Short Communication - (2022) Volume 12, Issue 11
Received: 01-Nov-2022, Manuscript No. jeat-22-82077;
Editor assigned: 02-Nov-2022, Pre QC No. P-82077;
Reviewed: 08-Nov-2022, QC No. Q-82077;
Revised: 15-Nov-2022, Manuscript No. R-82077;
Published:
22-Nov-2022
, DOI: 10.37421/2161-0525.2022.12.689
Citation: Gou, Nasiadek. “The Assessment, Sources and Indicators of Potentially Toxic Metals in the Soil.” J Environ Anal Toxicol 12 (2022): 689.
Copyright: © 2022 Gou N. This is an open-access article distributed under the terms of the creative commons attribution license which permits unrestricted use, distribution and reproduction in any medium, provided the original author and source are credited.
Potentially harmful metals have made soil pollution a global environmental problem. Both anthropogenic activities and geogenic processes are significant contributors to soil pollution. It's possible that soils inherit toxic metals from their parents; However, industrial and agricultural activities account for the majority of soil pollution. Changes in the chemical, biochemical and microbial properties of soils as well as plant responses can indicate metal contamination. Despite the fact that extractable amounts have been reported to be more closely related to plant uptake, the total concentration of toxic metals in soil remains the most widely used indicator for risk assessment.

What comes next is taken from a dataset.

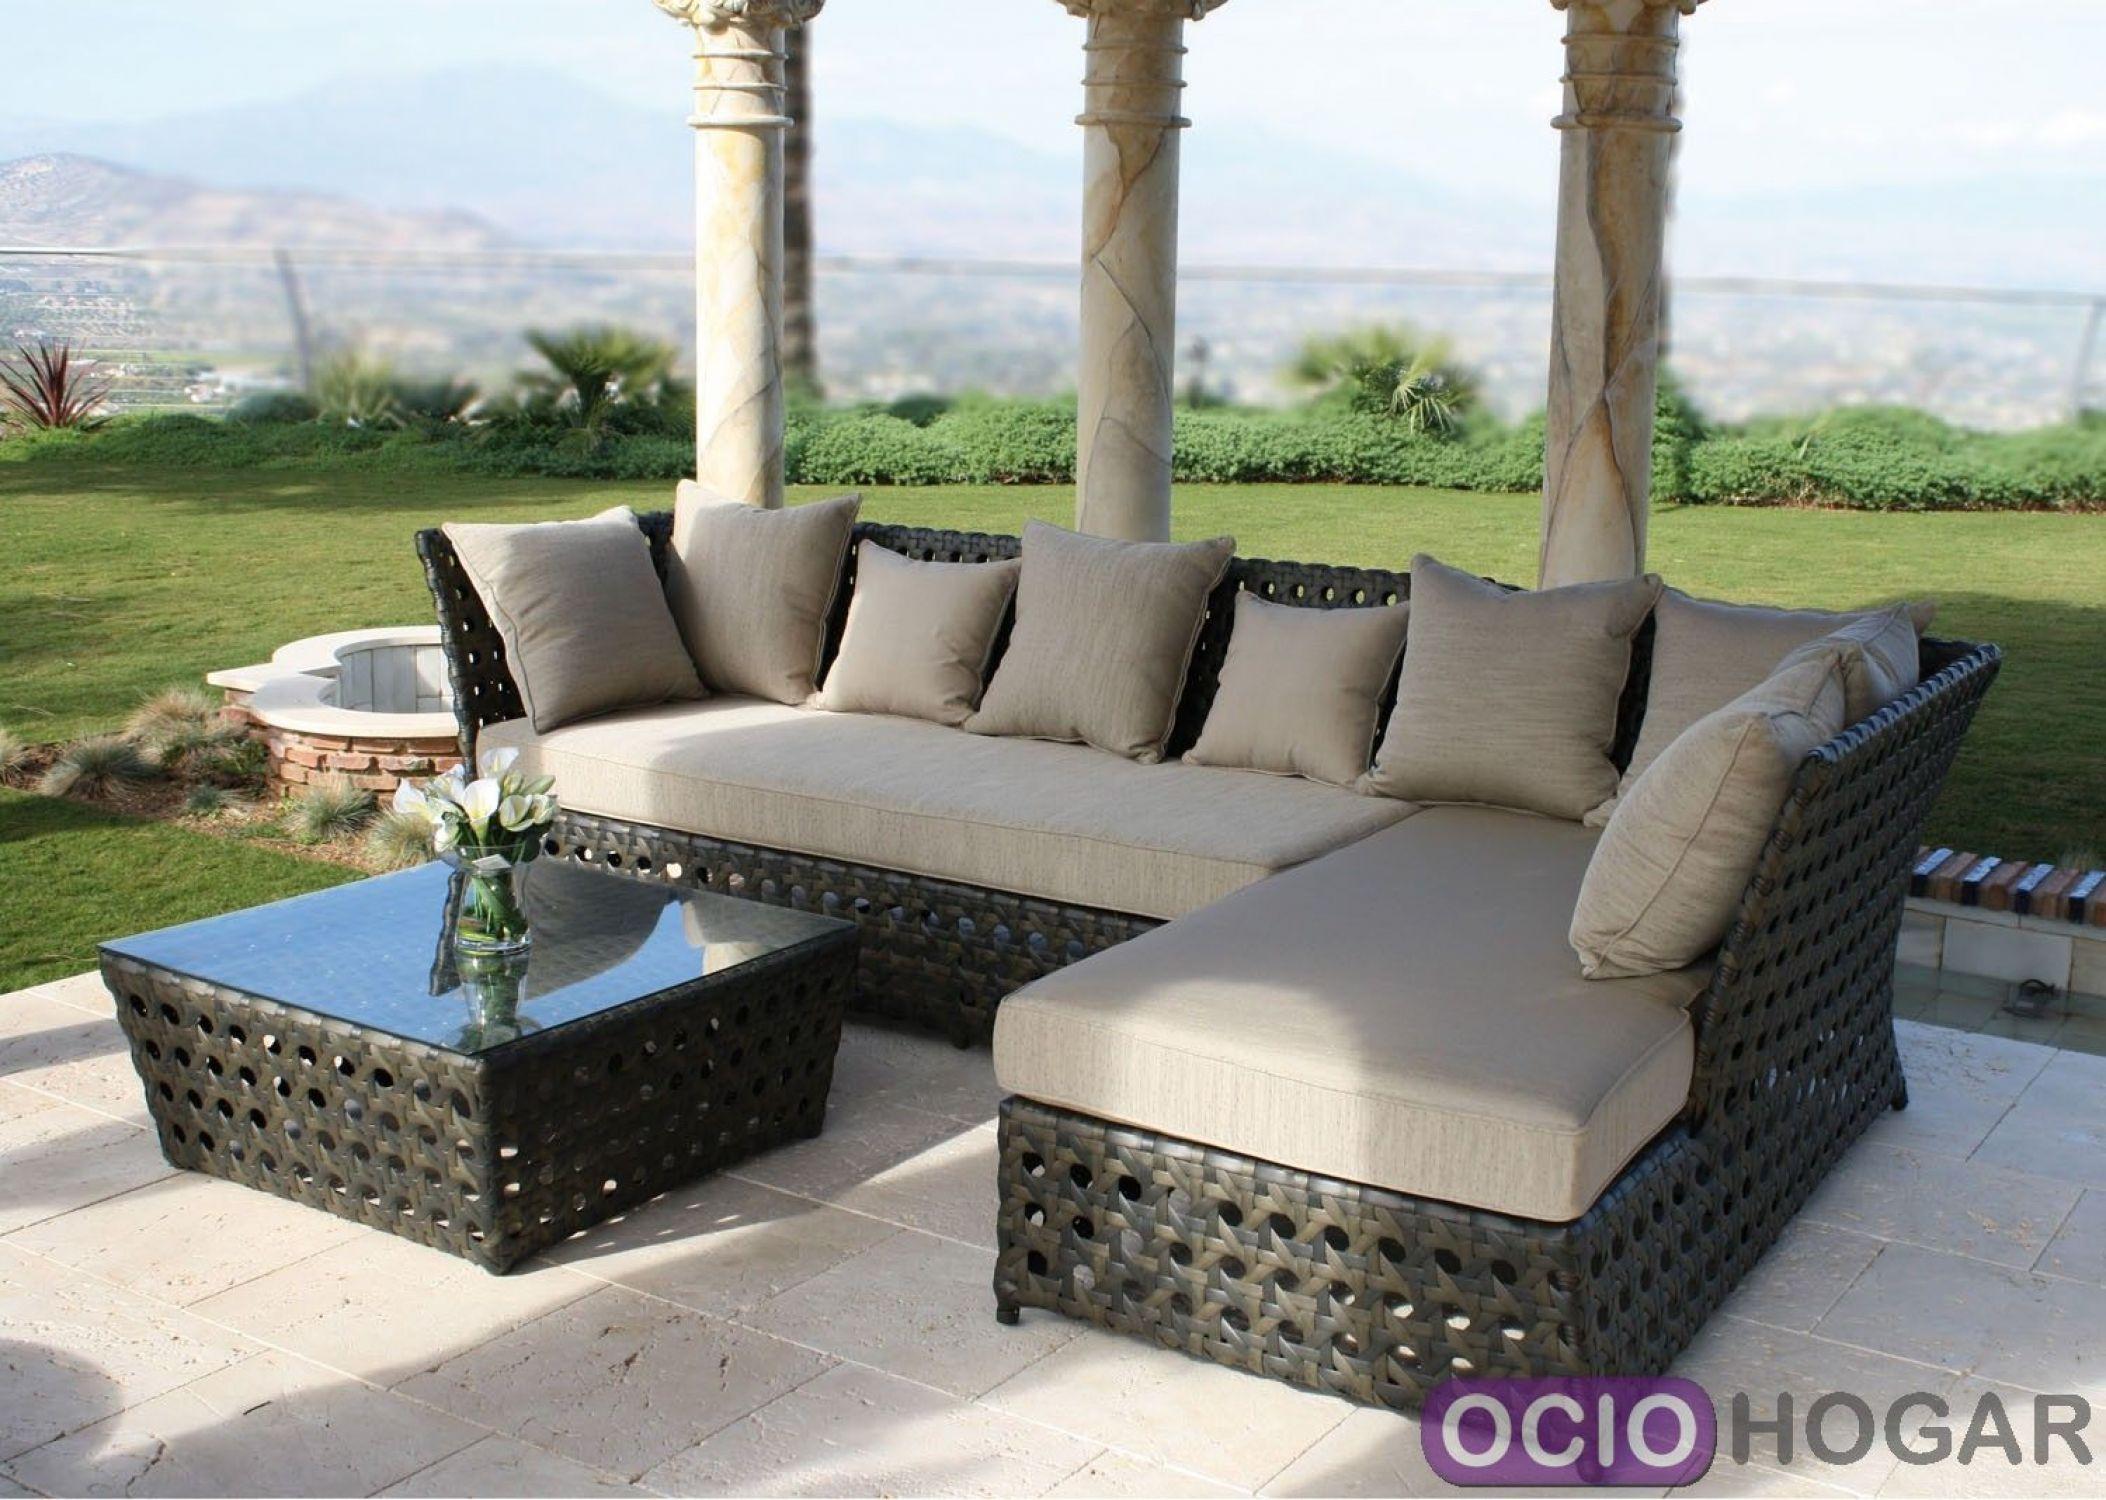 Muebles de exterior blog ociohogar for Muebles de jardin exterior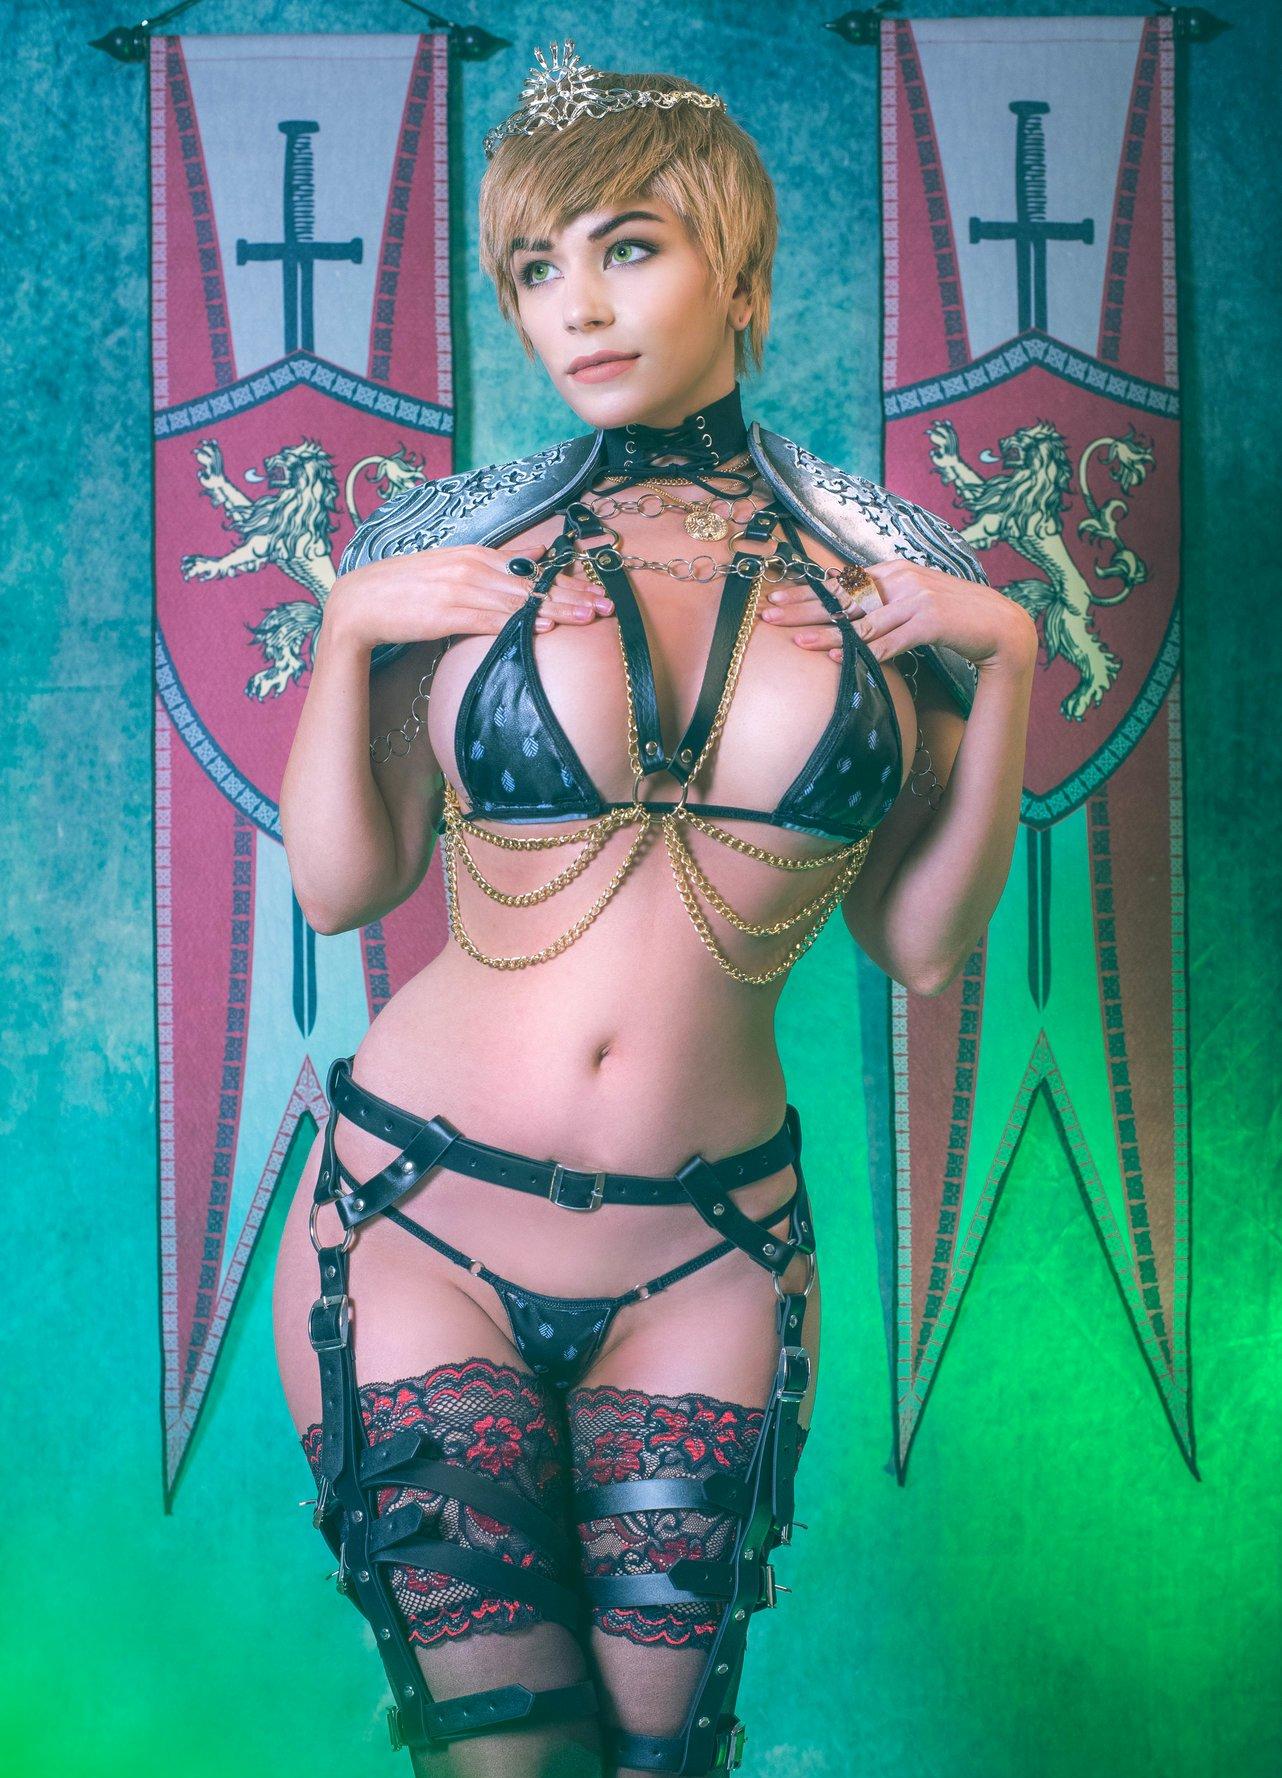 Danielle Beaulieu Daniellecosplay Onlyfans Nude Leaks 0026

Although a number of models have been proposed for assessing toxic metal contamination of soil, none of them are widely accepted for use with a wide range of soils. The effects of toxic metal contamination on soil and the environment, food safety and quality and human health are all highlighted in this review paper. The efficiency of remediation and the diagnosis, modeling and regulatory standards of soil contamination all require additional research.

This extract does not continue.